Thanks for all the advice guys!


----------



## kazeryu (Apr 4, 2012)

Discount cast iron anvil will probably be lumpy too, so you would need something big enough to flatten it first. After that you'd need a bucket of one of those "cold" case-hardening products. And it still wouldn't be a very good anvil.


----------



## Dave Martell (Apr 4, 2012)

Do you have Craigslist in Canada? I bought a 300lb Fisher, that I found right here in my town, off of CL.


----------



## DarrenSwerid (Apr 4, 2012)

I just looked and yes there is a craigslist here. Nada. I'll keep my eyes open.


----------



## DarrenSwerid (Apr 13, 2012)

I came across this Rigid Anvil and it states that it is made from Drop-Forged? Is that the same thing as Cast? I found a Canadian supplier that sells a 77 lbs one for $710. Something to save for.


----------



## Twistington (Apr 13, 2012)

DarrenSwerid said:


> I came across this Rigid Anvil and it states that it is made from Drop-Forged? Is that the same thing as Cast? I found a Canadian supplier that sells a 77 lbs one for $710. Something to save for.

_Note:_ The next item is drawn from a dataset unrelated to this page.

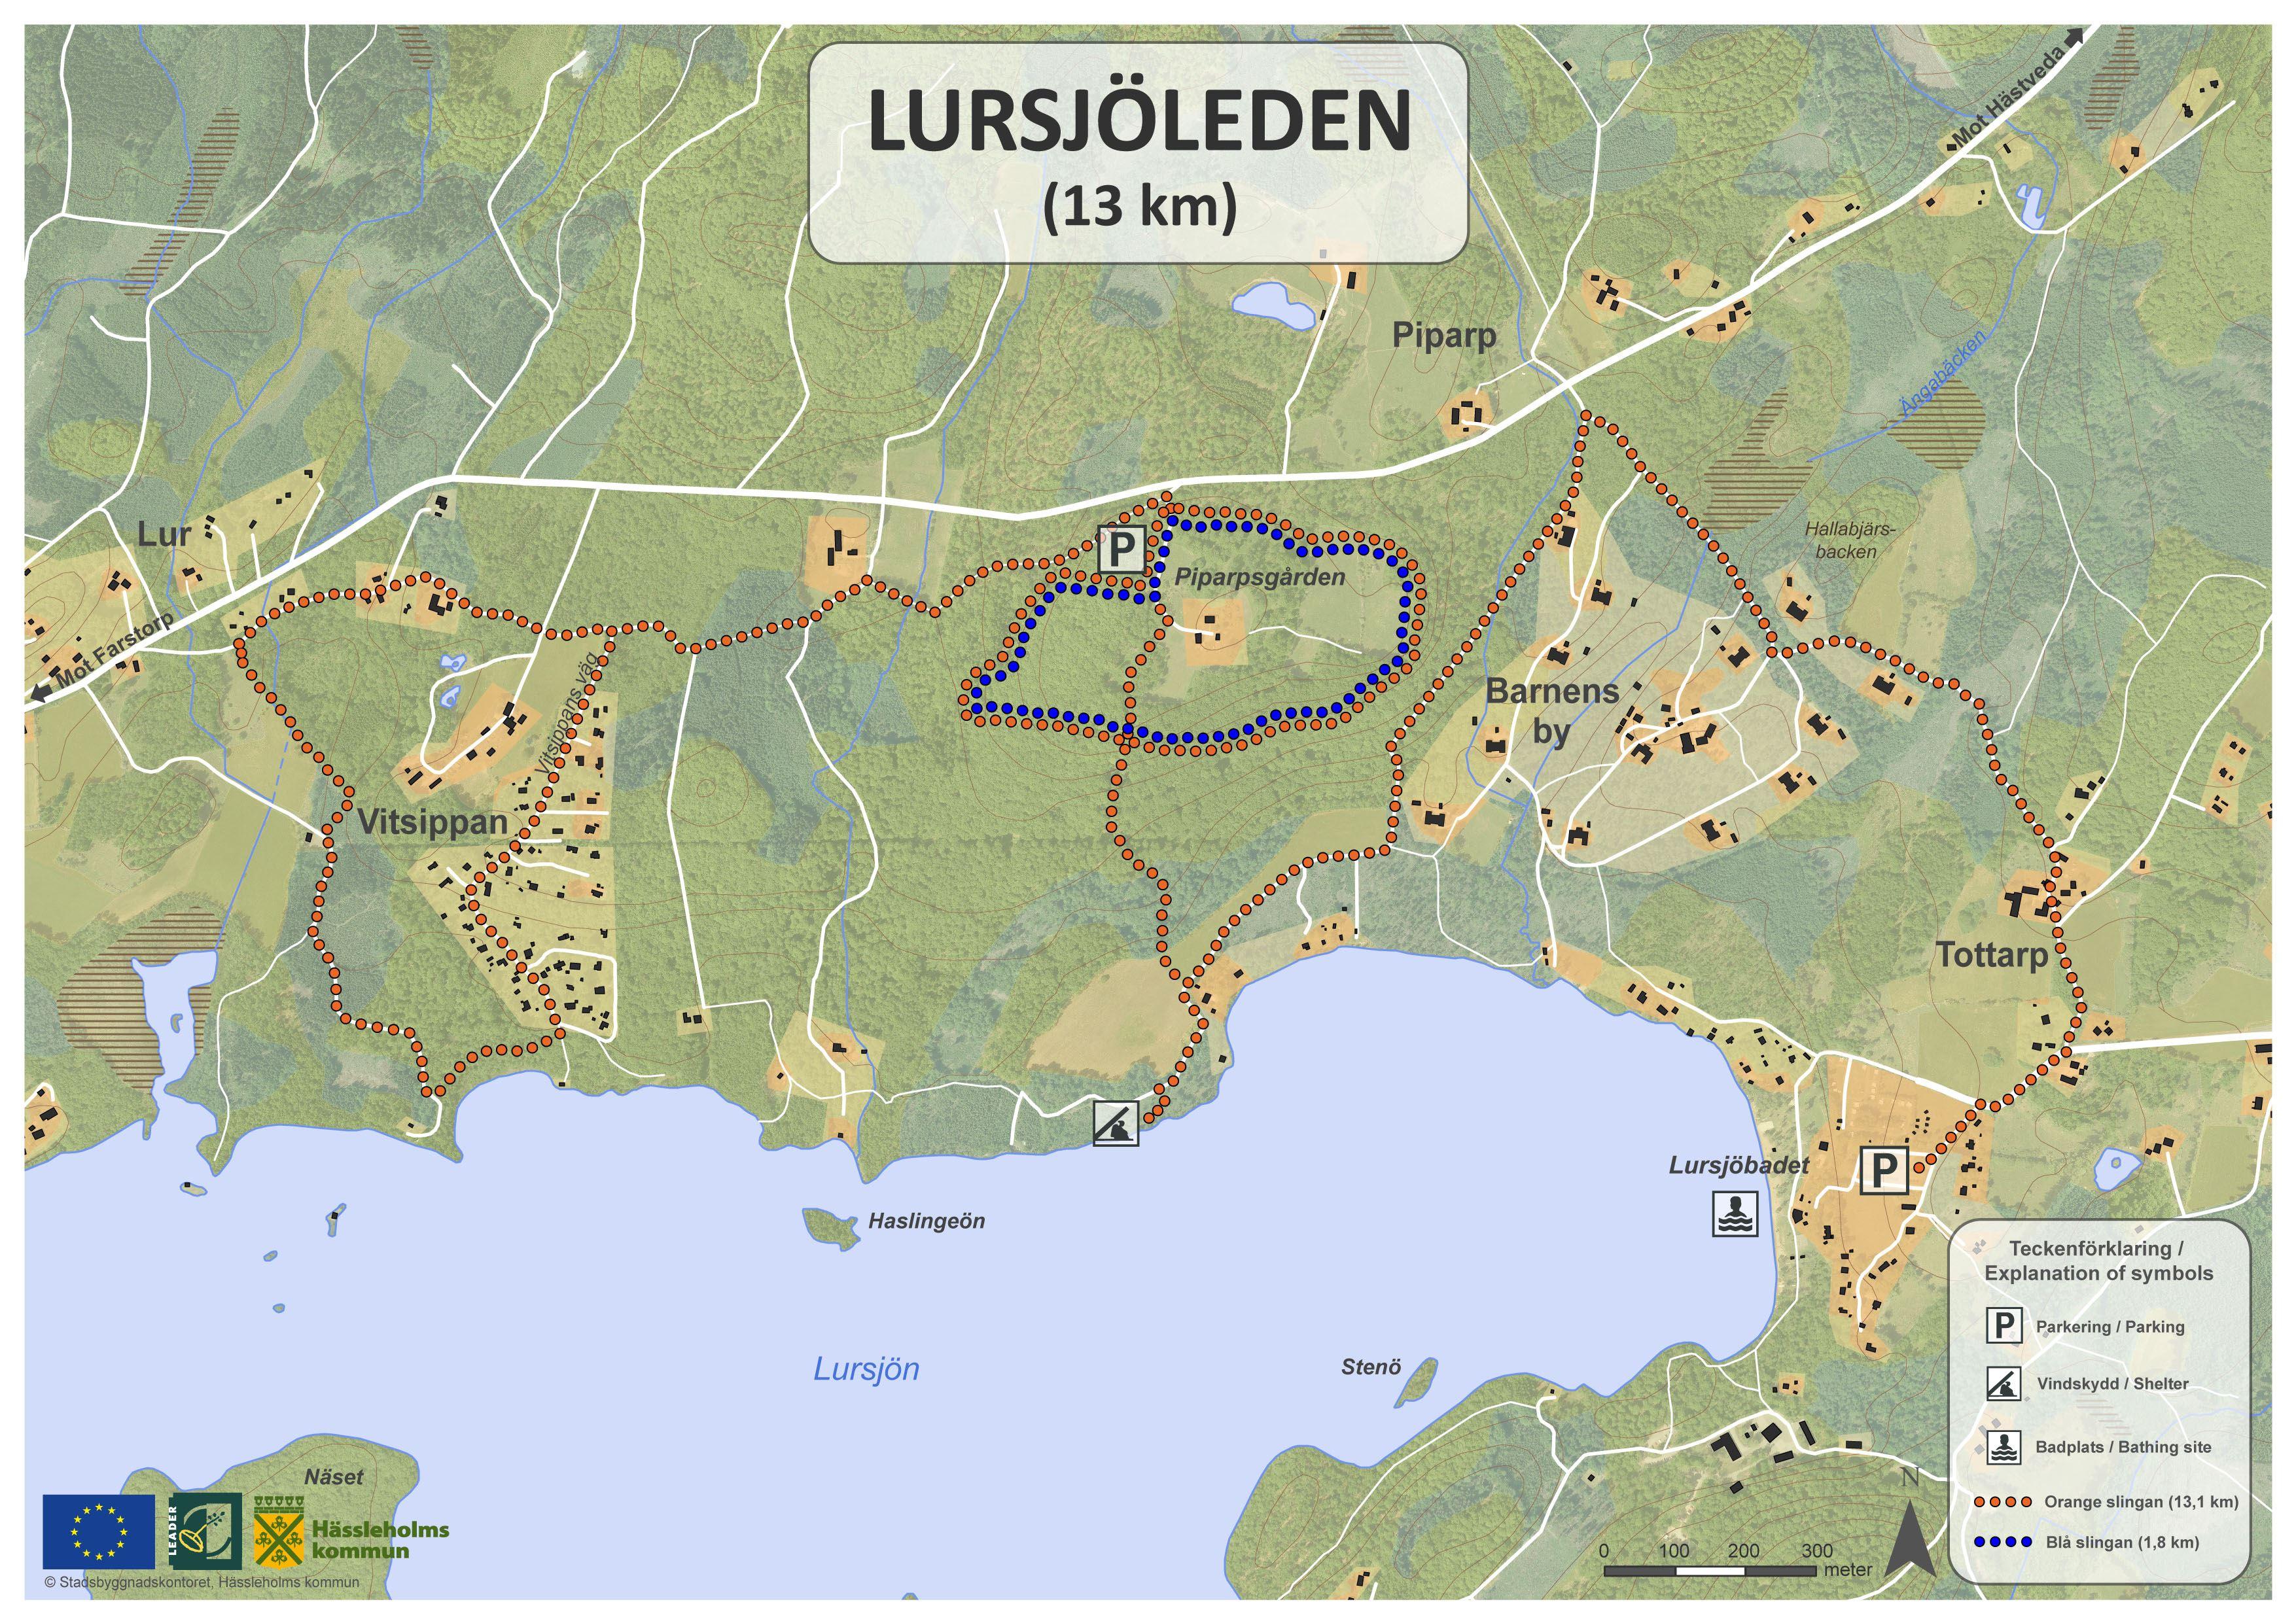 Lursjöleden, Lursjö hiking trail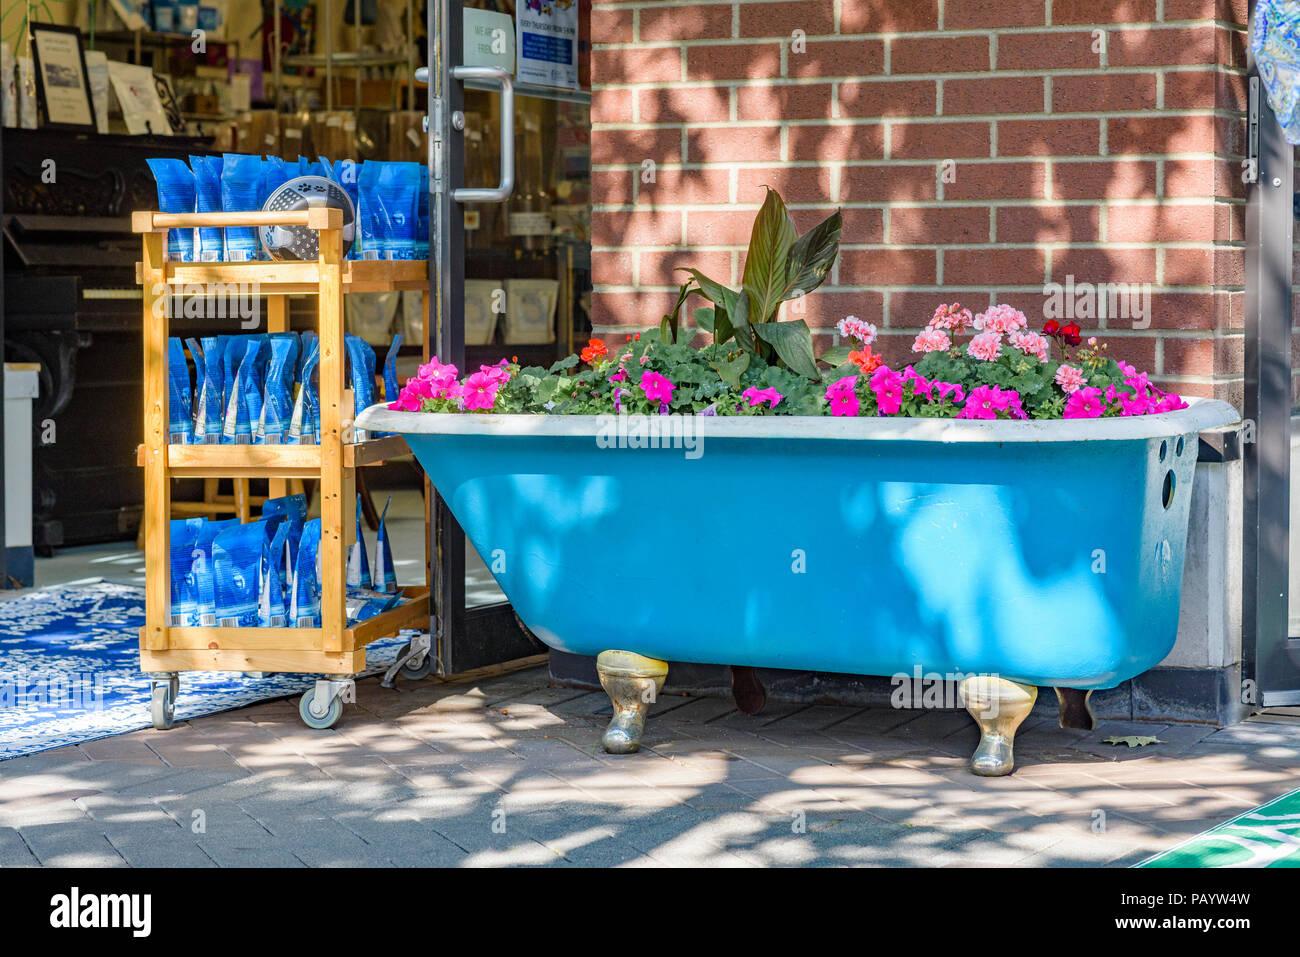 Bathtub Flowers Stock Photos & Bathtub Flowers Stock Images - Alamy

Check the wikipedia entry on "Forging".


----------



## DarrenSwerid (Apr 13, 2012)

Actually I did read the wikipedia entry on Forging and was unsure if Drop-Forging gives a steel product or a product like Cast-iron. I was looking for some clarification from the knowledgeable members here.


----------



## ajhuff (Apr 13, 2012)

Drop forged would mean it is steel not cast iron.

-AJ


----------



## PierreRodrigue (Apr 13, 2012)

Darren, check Kijiji Alberta, there are a couple 150 lb anvils fo $300 or less. One in Calgary.


----------



## Dave Martell (Apr 13, 2012)

I don't think that a 77lb Rigid for $700 is a good deal, actually sounds bad to me. 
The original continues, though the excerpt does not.